12yo: Download it from the app store
Me:
Husband:
12yo:
Kidnapper: Pay up or I’ll leak your nudes
Me: So what?
K: Then I’ll tweet your drafts
M: Ok don’t do anything crazy we can work this out
If honey is supposed to be so great for your voice, why does it sound like Winnie the Pooh has been shotgunning bleach?
If I’m ever on life support, unplug me, let me sit for 15-30 secs, plug me back in and see if that works.
Me: I learned everything I know about Cinco de Mayo from watching Coco.
Him: Coco was about Day of the Dead, not Cinco-
Me: Cinco, Coco, YOU KNOW I DON’T SPEAK SPANISH, TODD!
I hate the crossword. If someone asked me in person to name “Someone getting dressed for lunch?” and then they smiled wryly and said “salad” I would ruin their life
All I’m saying is if you don’t want me to walk into the women’s restroom put words not pictures on the doors…
Neighbor: I need to run to the store. Can you watch the baby?
Me (thinks of Daredevil cued up on Netflix): I am a registered sex offender
oh shoot the farmers market was out of cocoa krispies and actually ‘never had them’ and they ‘don’t think I understand what a farmers market is’
My wife would bring a hoodie to the Sun “just in case.”
Running Up That Hill by Kate Bush plays as the camera pans to me chasing an ice cream truck in my flip flops.
my garbage family is staging an intervention or something for me because i forgot what its called when people have a chin made out of hair
Date: Do you go camping?
Me: Our ancestors evolved in order to give us pillow-top mattresses and flushing toilets. Why would I sleep outside?
[being murdered]
me: you know you should really talk to someone about all of this. do you want the number of my therapist?
[first day as a surgeon]
Nurse: you can’t operate on a patient without gloves!

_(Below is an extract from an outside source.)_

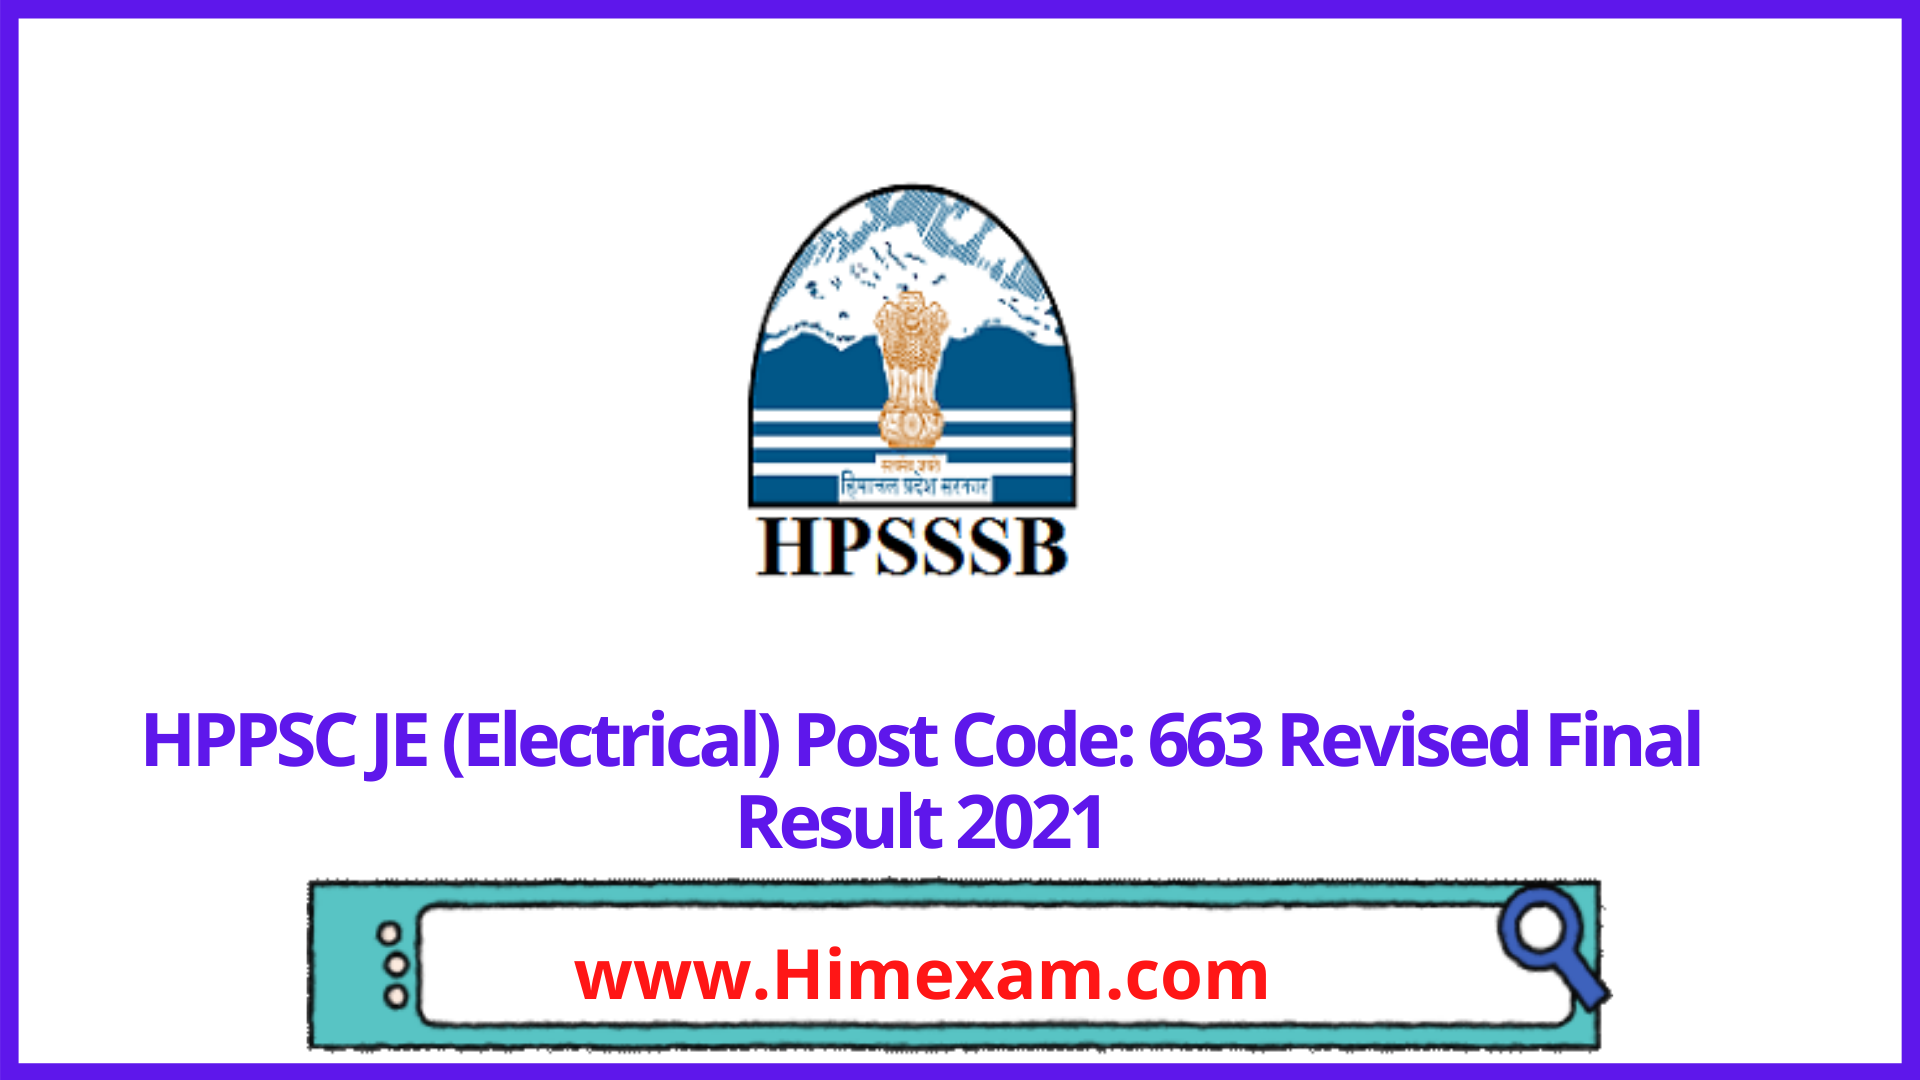 HPPSC JE (Electrical) Post Code: 663 Revised Final Result 2021

Me: of course. we don’t want his hands getting cold.
To those of you who received a book from me as a Christmas present: just to let you know that they are due back at the library tomorrow.
Officer – Do you know how fast you were going?
*Looks up from phone*
No idea
‘I’ve been a very naughty girl!’ she said, licking her lips, ‘I need to be punished . . .’
So he invited his mother to stay for Christmas.
[new guy gets shown around the office]
Me: Hi, I’m Dave
New guy: oh are you the Dave who loves cycling or the Dave who makes up random facts in the hope nobody will check them out?
Me: no, I’m the Dave whose grandfather invented suitcases
[murder scene]
DETECTIVE: Let’s run through the suspects.
PARTNER: Okay.
DETECTIVE: Who’s the most likely?
PARTNER: The husband, for sure.
DETECTIVE: Who else?
PARTNER: Her business partner.
DETECTIVE: And, the least likely?
PARTNER: *shrugs* Tom Hanks, I guess.